Top of Data to process

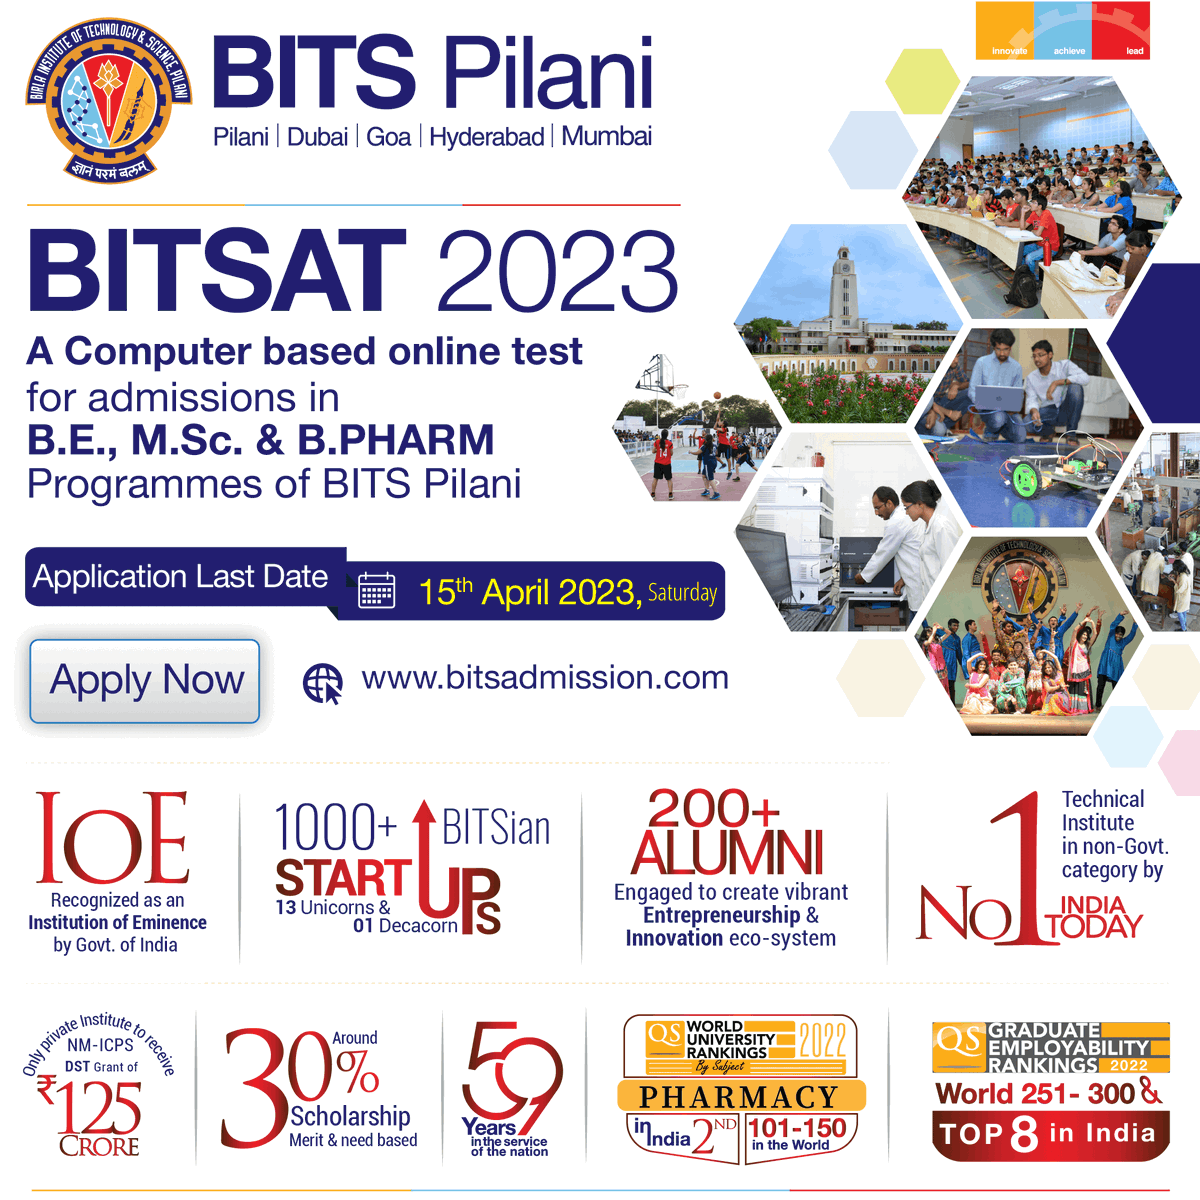 BITSAT-2023 registration date extended until 15-APR-2023

More Details : bitsadmission.com

#Admissions #BITSAT2023 #BITSAT #bitsadmission #admissionsopen2023 #admissionopen2023_2024 #admissionsopen2023_24
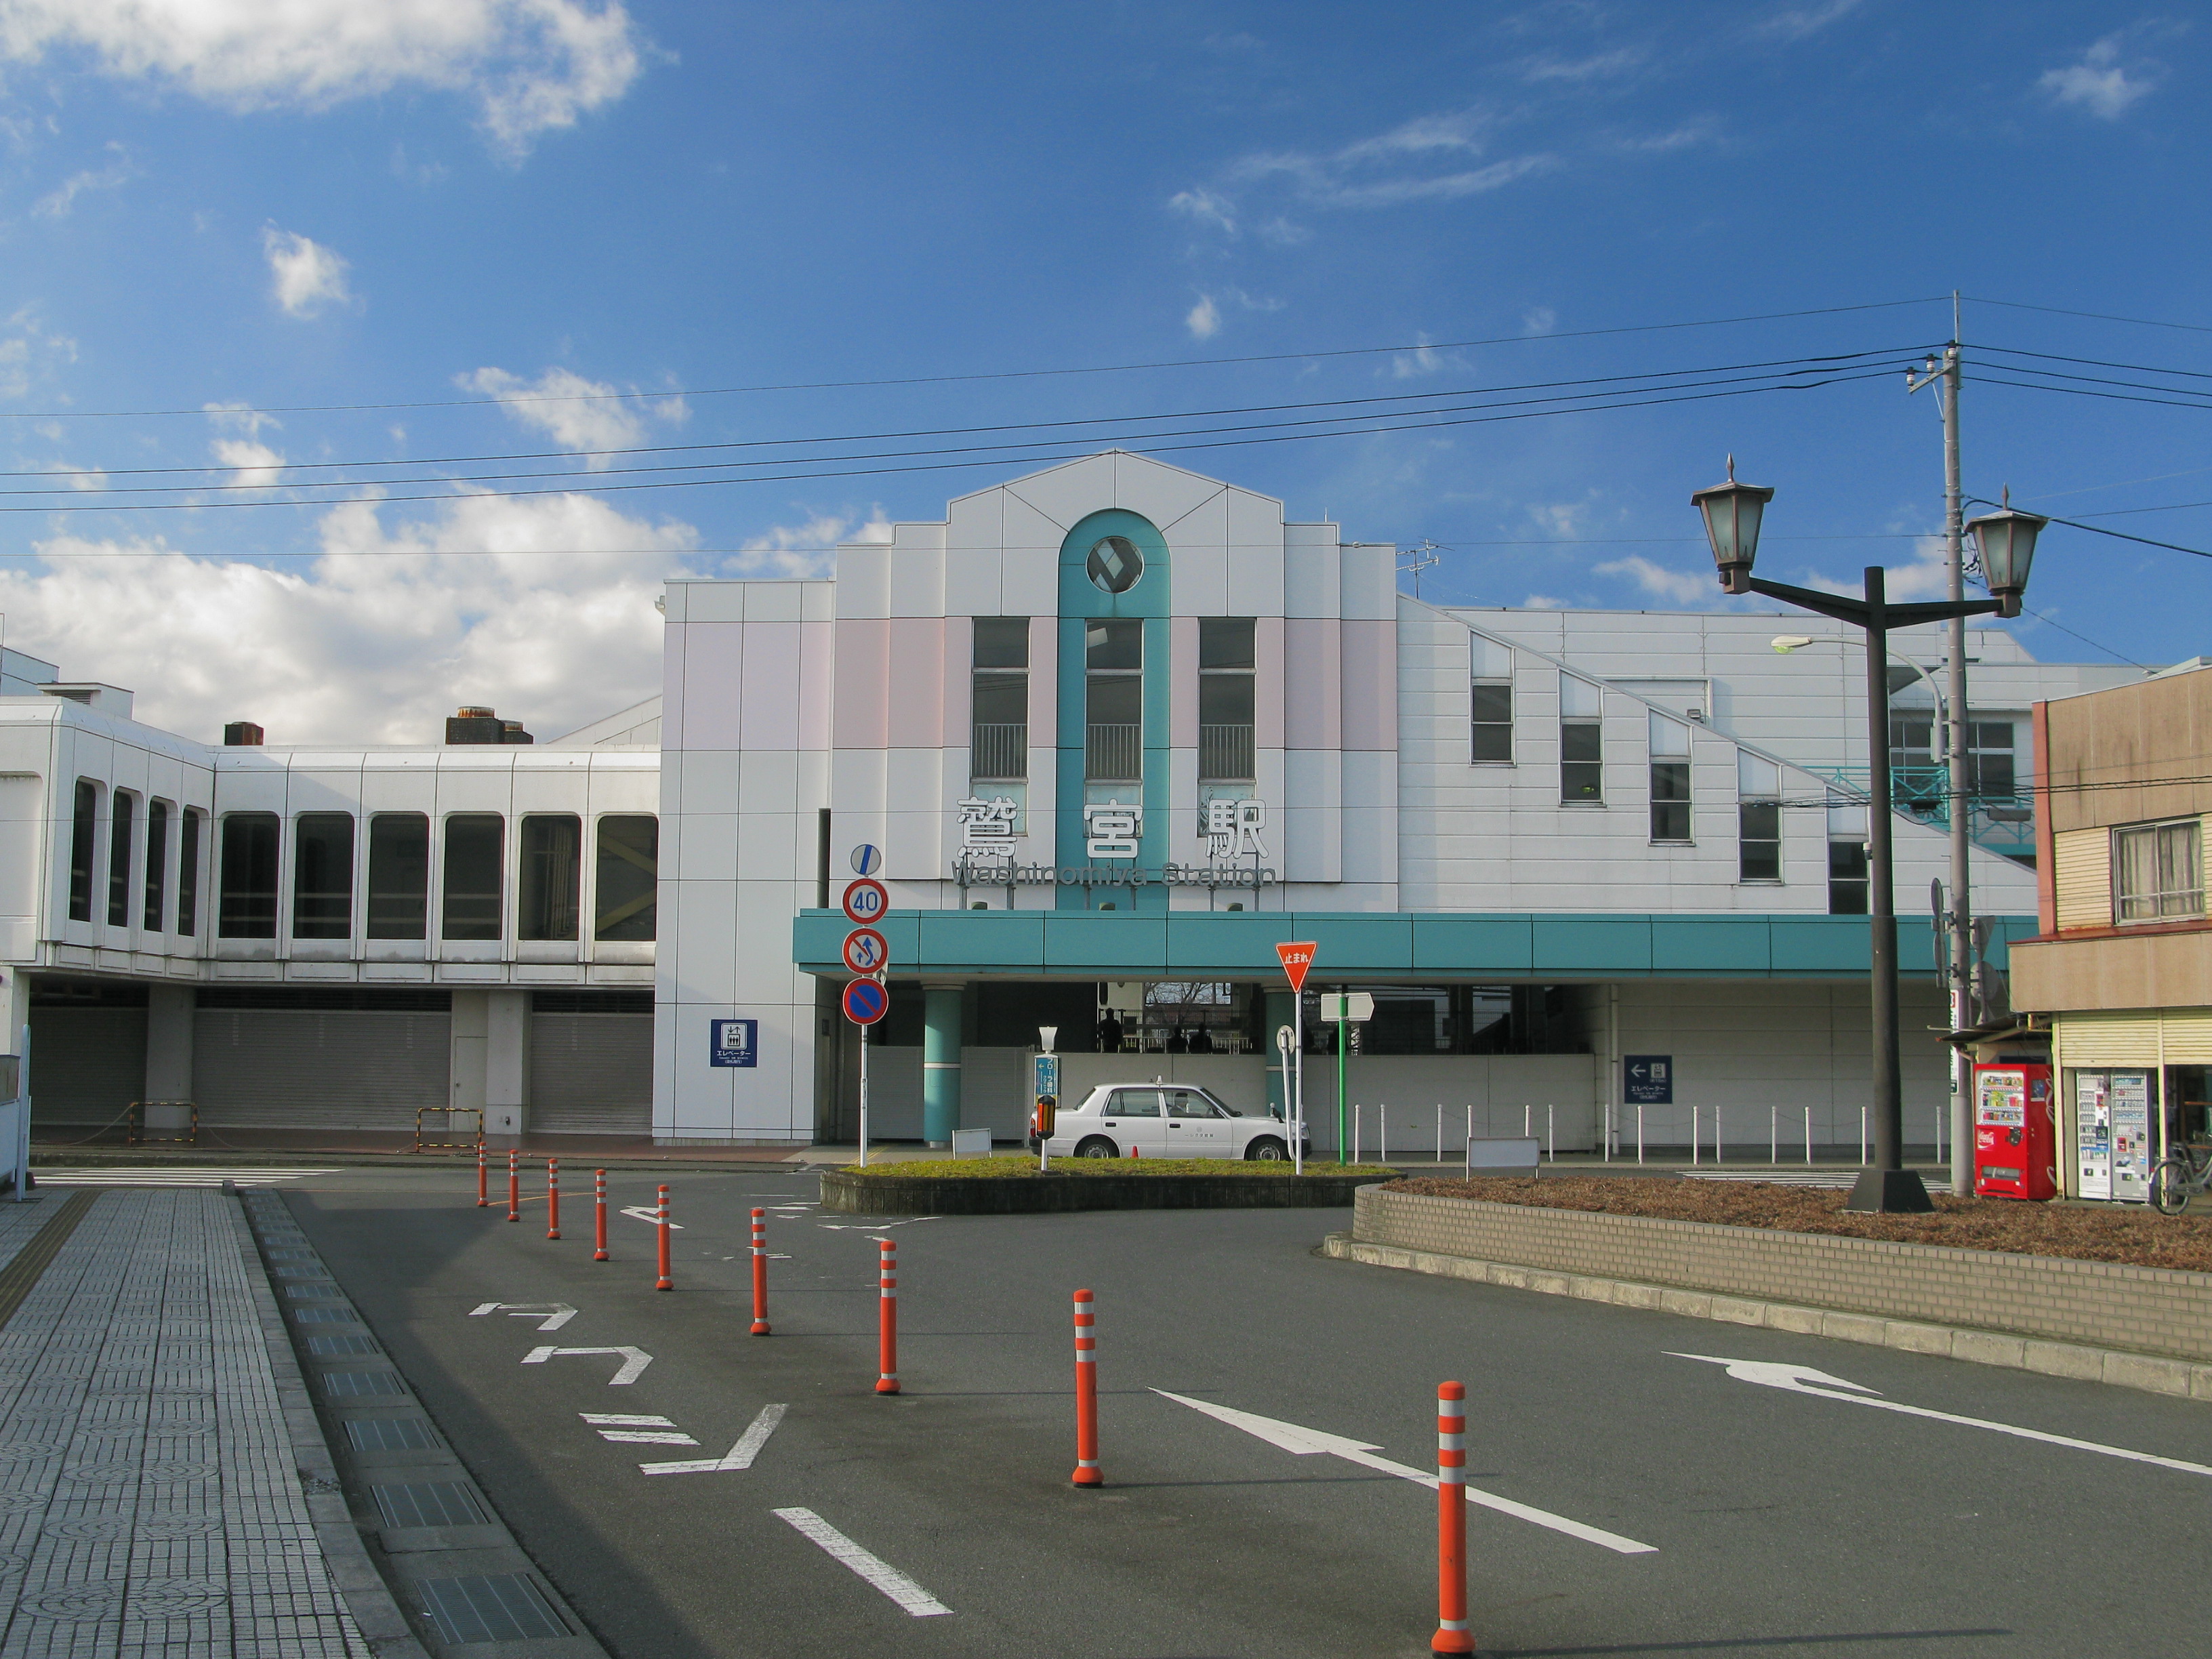 鷲宮駅 - Wikipedia
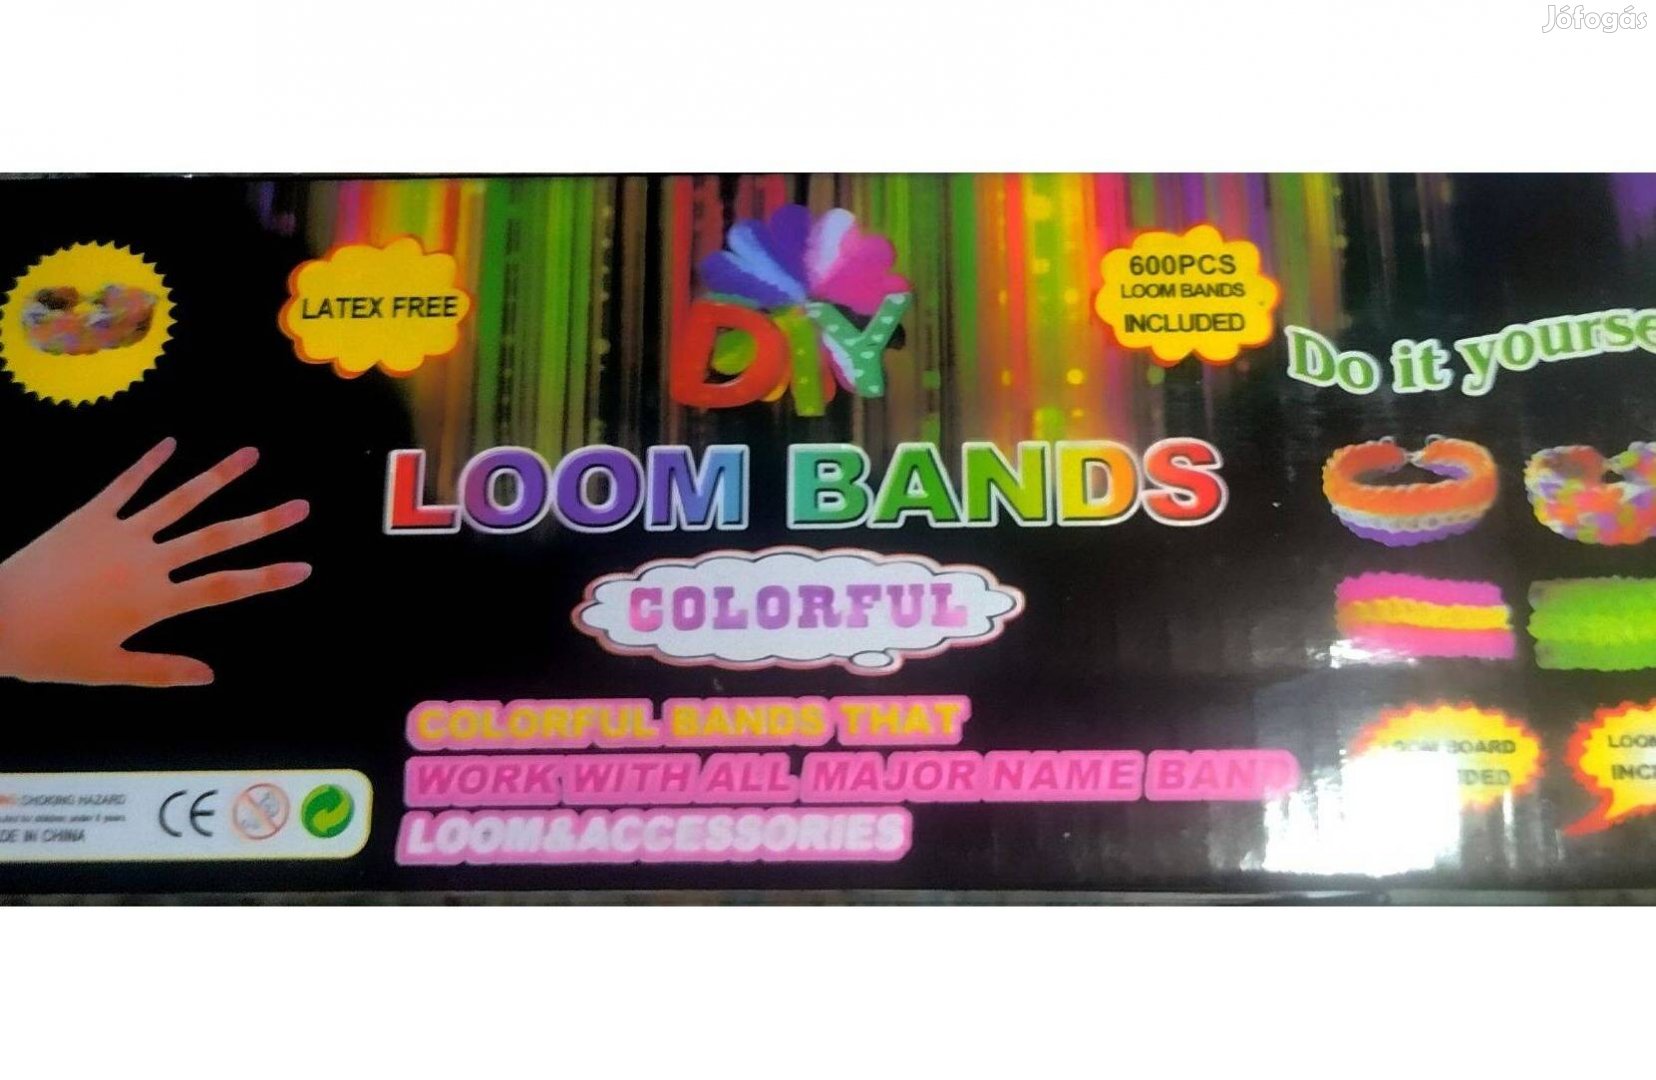 Loom Bands gumikarkötő készítő kezdő készlet paddal Új(Siófok

Bottom of Data to process

-- Problem --
Leaving out all pictures, print exactly the lines above from the one containing "鷲宮駅 - Wikipedia" through the last line of the entries.

-- Completed exercise --
 鷲宮駅 - Wikipedia
 Loom Bands gumikarkötő készítő kezdő készlet paddal Új(Siófok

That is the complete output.